Hello,
I am experiencing trouble with NRF9160 chips that get stuck after typically 1 to 2 days of operation. This happens on all 6 boards that I have available. I'll describe the software architecture in brief:
- Thread 1 is communicating with an external microcontroller (mainly retrieving data every 15 minutes)
- Thread 2 is uploading this data via an LTE connection (to be more specific, MQTT-SN to thingstream portal).
- Thread 3 is driving an e-ink display, implemented as a message queue that receives events from thread 1 and 2.
The observation is that the NRF9160 just stops doing anything. I have put all 3 threads under watchdog control, and verified that the watchdog is working fine when a thread is indeed stuck. I am also outputting logs via the console, from the 3 threads. All threads stop at the same time as far as I can tell. For testing, I have also added in thread 3 a toggling of 1 GPIO pin, even that toggling also comes to a halt.
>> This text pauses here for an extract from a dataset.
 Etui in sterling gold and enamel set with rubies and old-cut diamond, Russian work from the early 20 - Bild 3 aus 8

There is barely any synchronization between the 3 threads (i.e. mutexes, semaphores), and I can't imagine that threads would get stuck on that. Even if they would get stuck, that would never hold for all 3 threads, and i would also expect the watchdog to kick in eventually. I have also increased the stack, verified free heap memory, ... all seems OK from a firmware point of view.
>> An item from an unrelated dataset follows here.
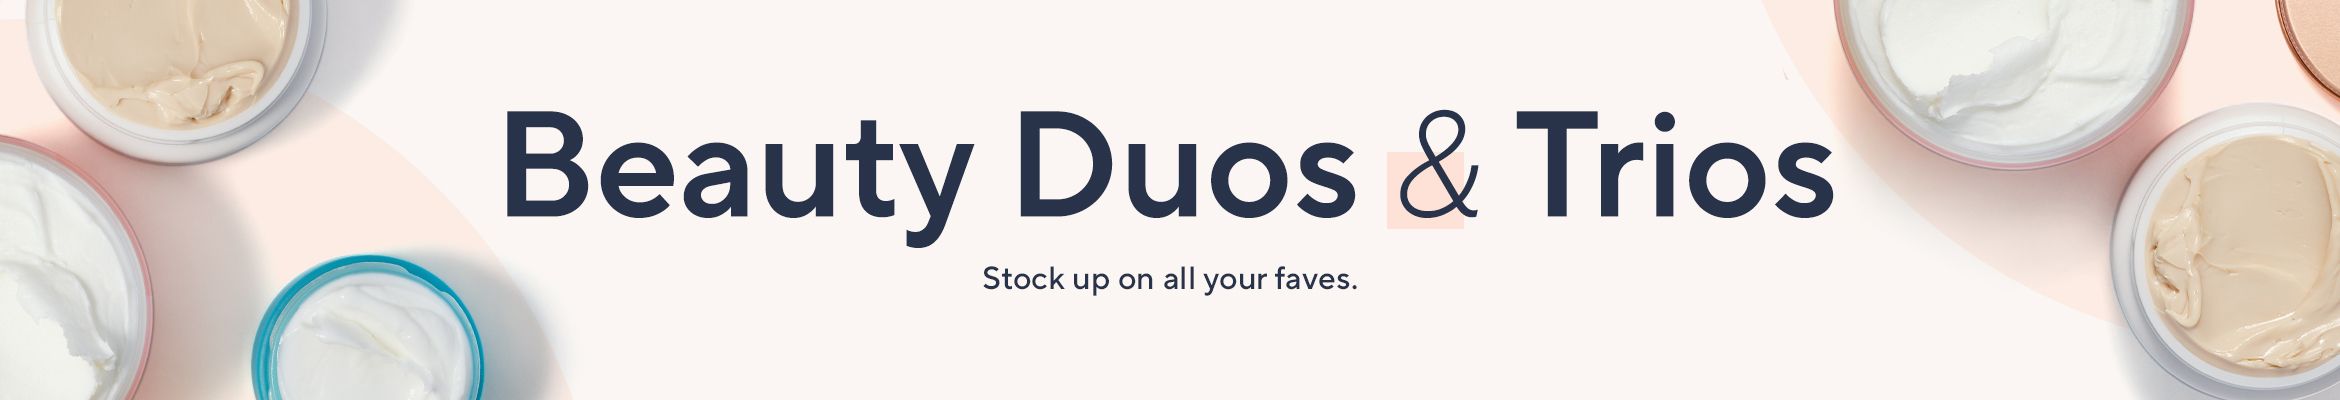 Beauty Duos & Trios Stock up on all your faves.

I measured the reset pin and the voltage: they are both as expected. So my suspicion is that the NRF is brought into reset and not coming out of that. What could be the root cause for this?
Worth to mention that the NRF reset pin was pulled high to 3.3V by a 10kOhm, which was a schematic fault, and I removed the pull-ups. I have read other threads on devzone that clearly indicate that this is problematic but not sure if this mistake could really cause some damage leading to the observed behavior.
I have not yet tried to disable threads or increase the "work load" of the system to verify if those can influence the occurence of the issue. That's probably my next step for the weekend.
Any suggestions on what we could measure to verify that the NRF is in reset (or not) would be very welcome.